§ **The data**:
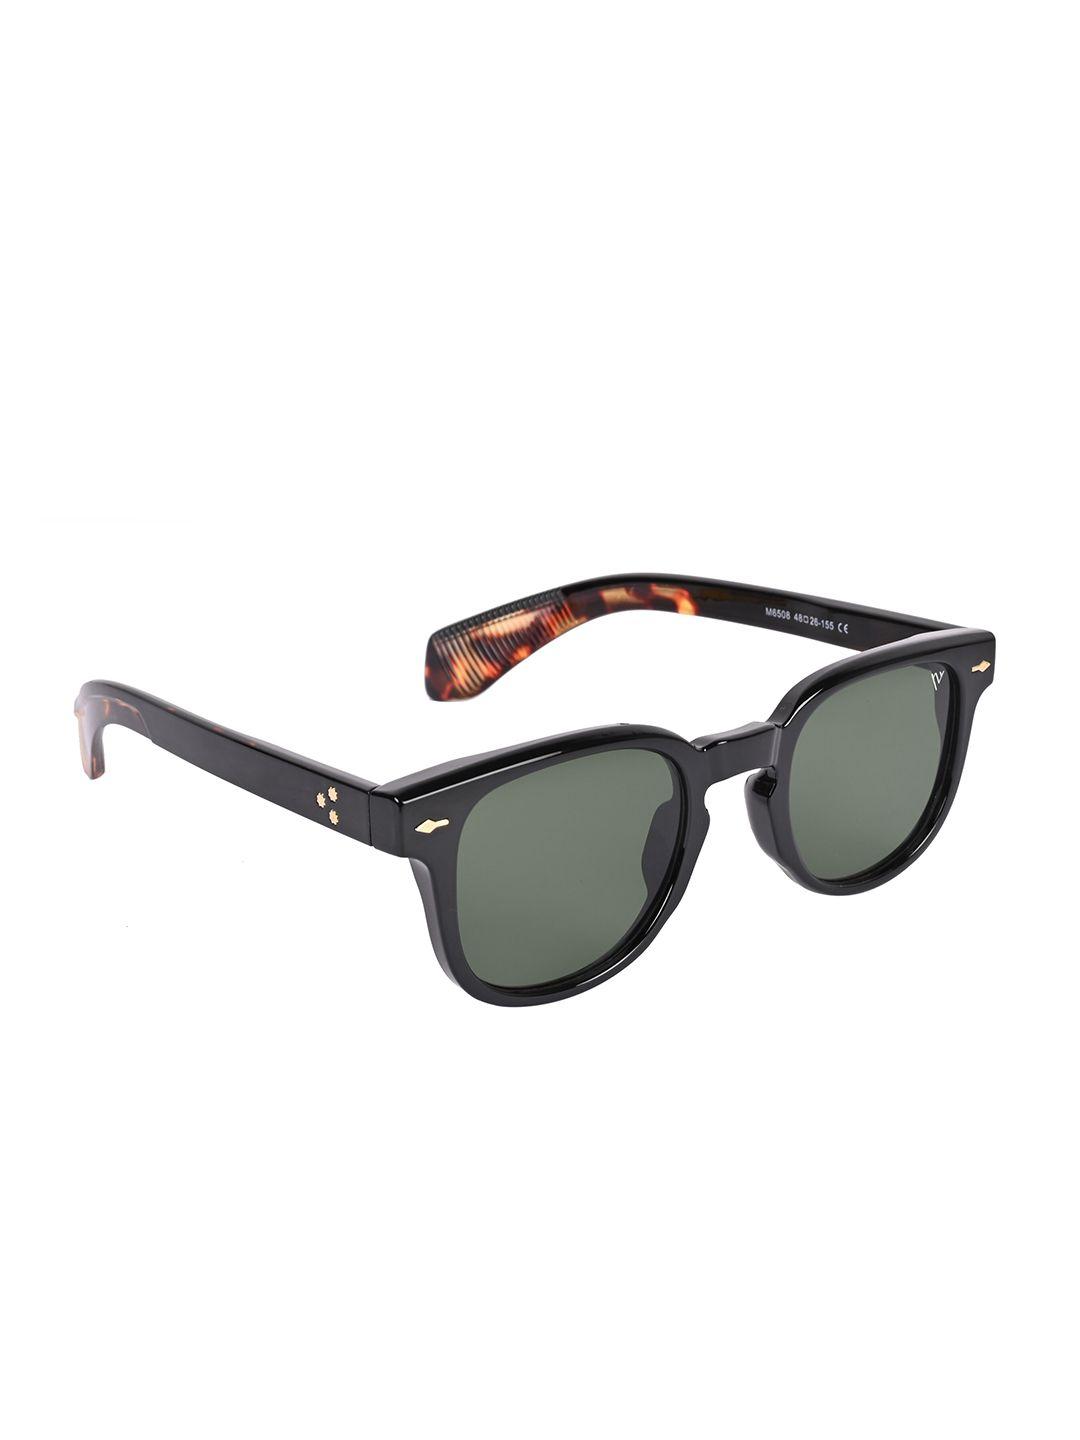 voyage women green lens & black wayfarer sunglasses with uv protected lens
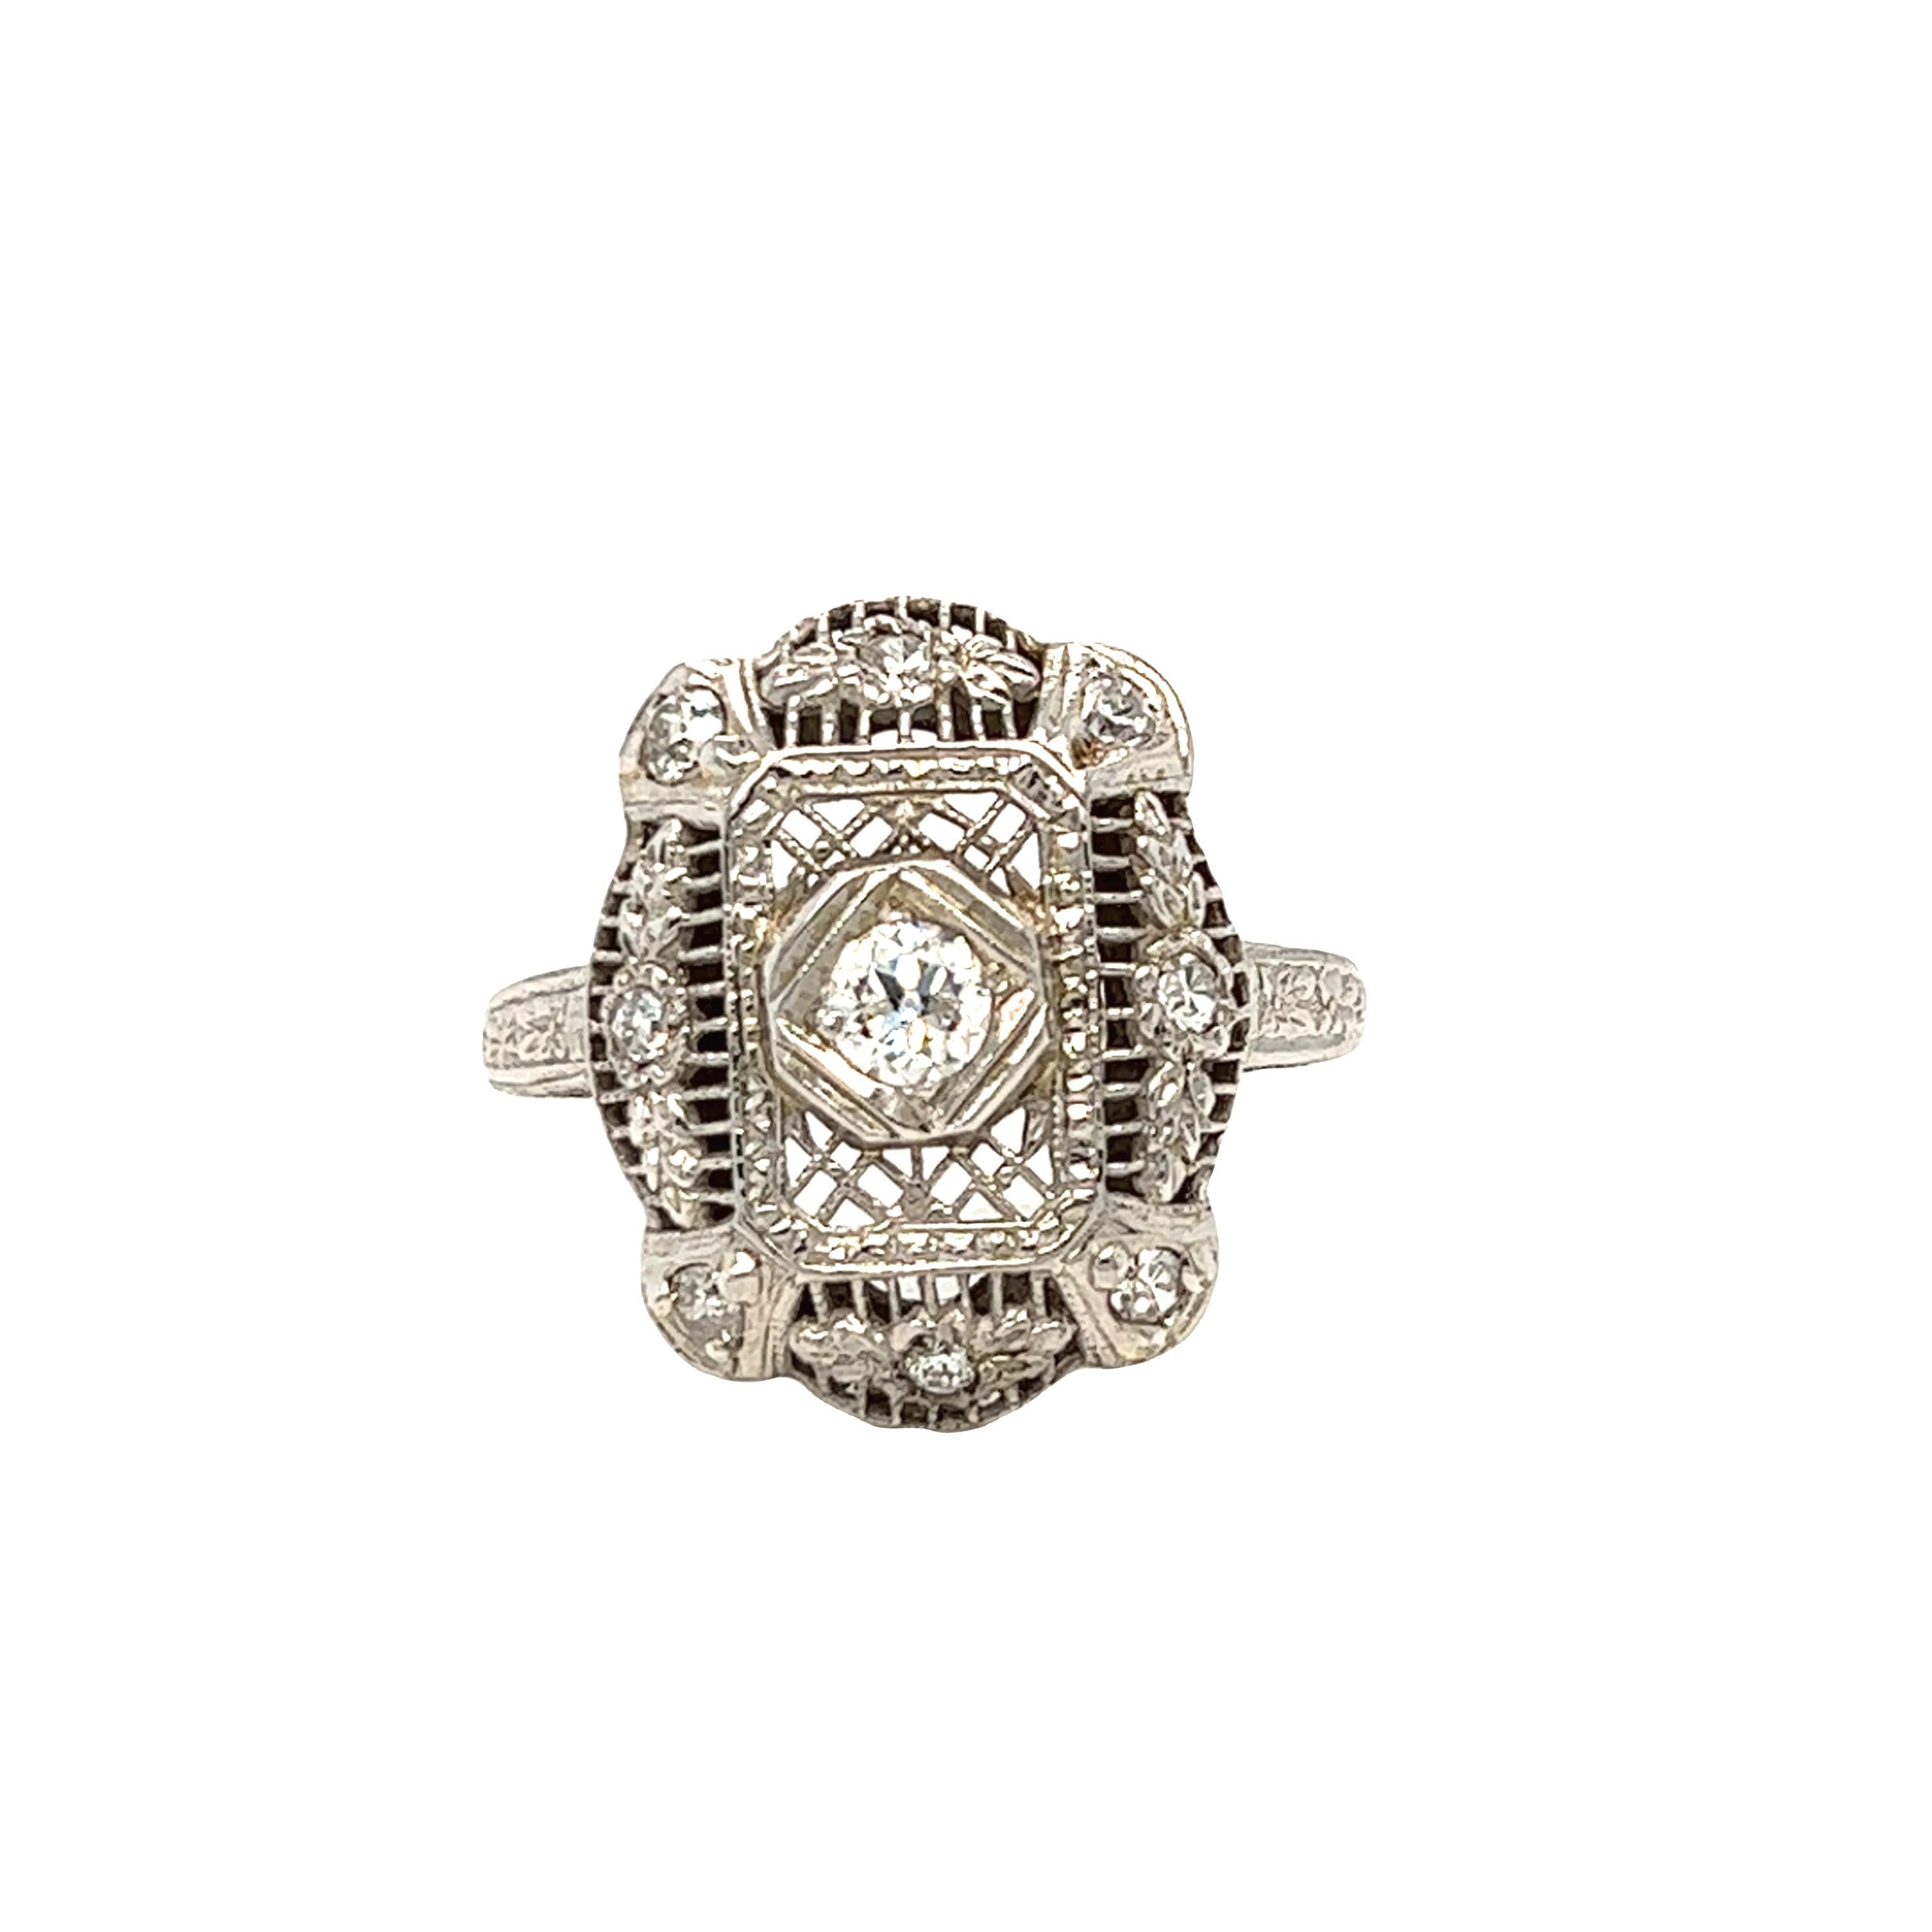 Edwardian Era Diamond Ring 18K White Gold For Sale 4
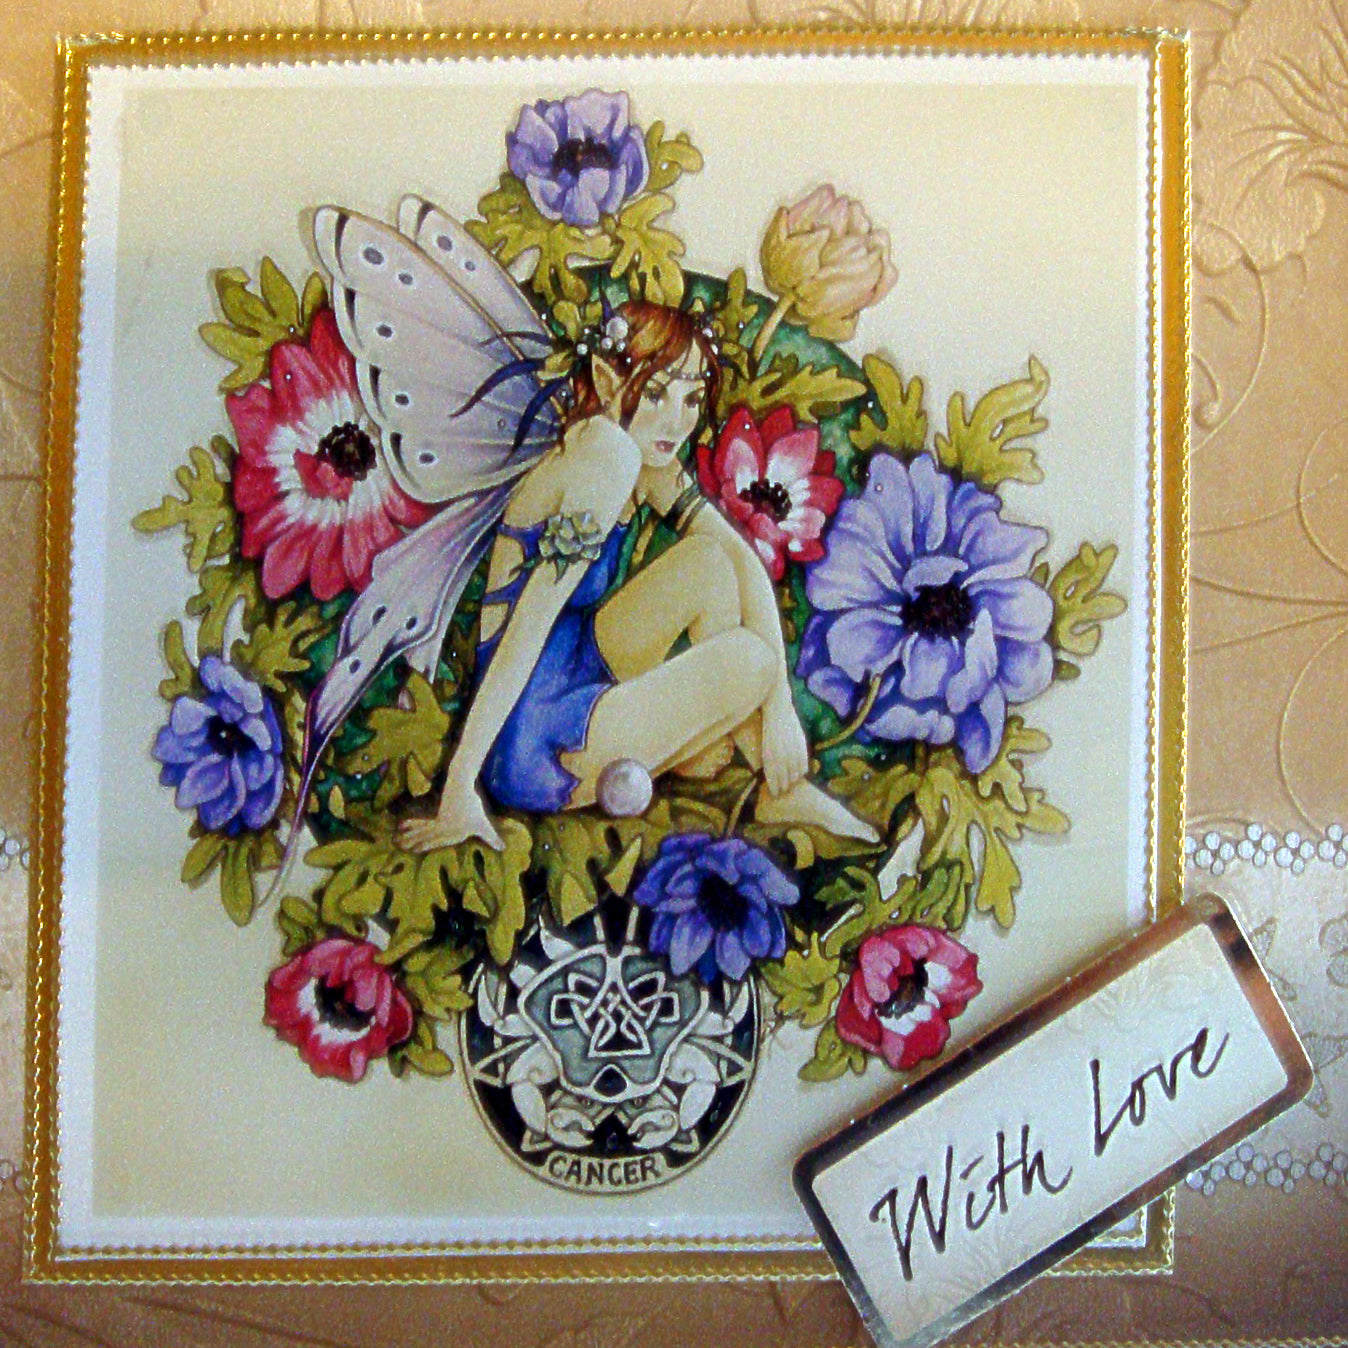 Linda Ravenscroft: Zodiac Fairies Stamp Collection

§ **Task to complete**:
Only the lines from the one containing "Edwardian Era Diamond" through the last line of the data may appear in the answer, each given again exactly and with pictures left out.

§ **Response box**:
 Edwardian Era Diamond Ring 18K White Gold For Sale 4
 Linda Ravenscroft: Zodiac Fairies Stamp Collection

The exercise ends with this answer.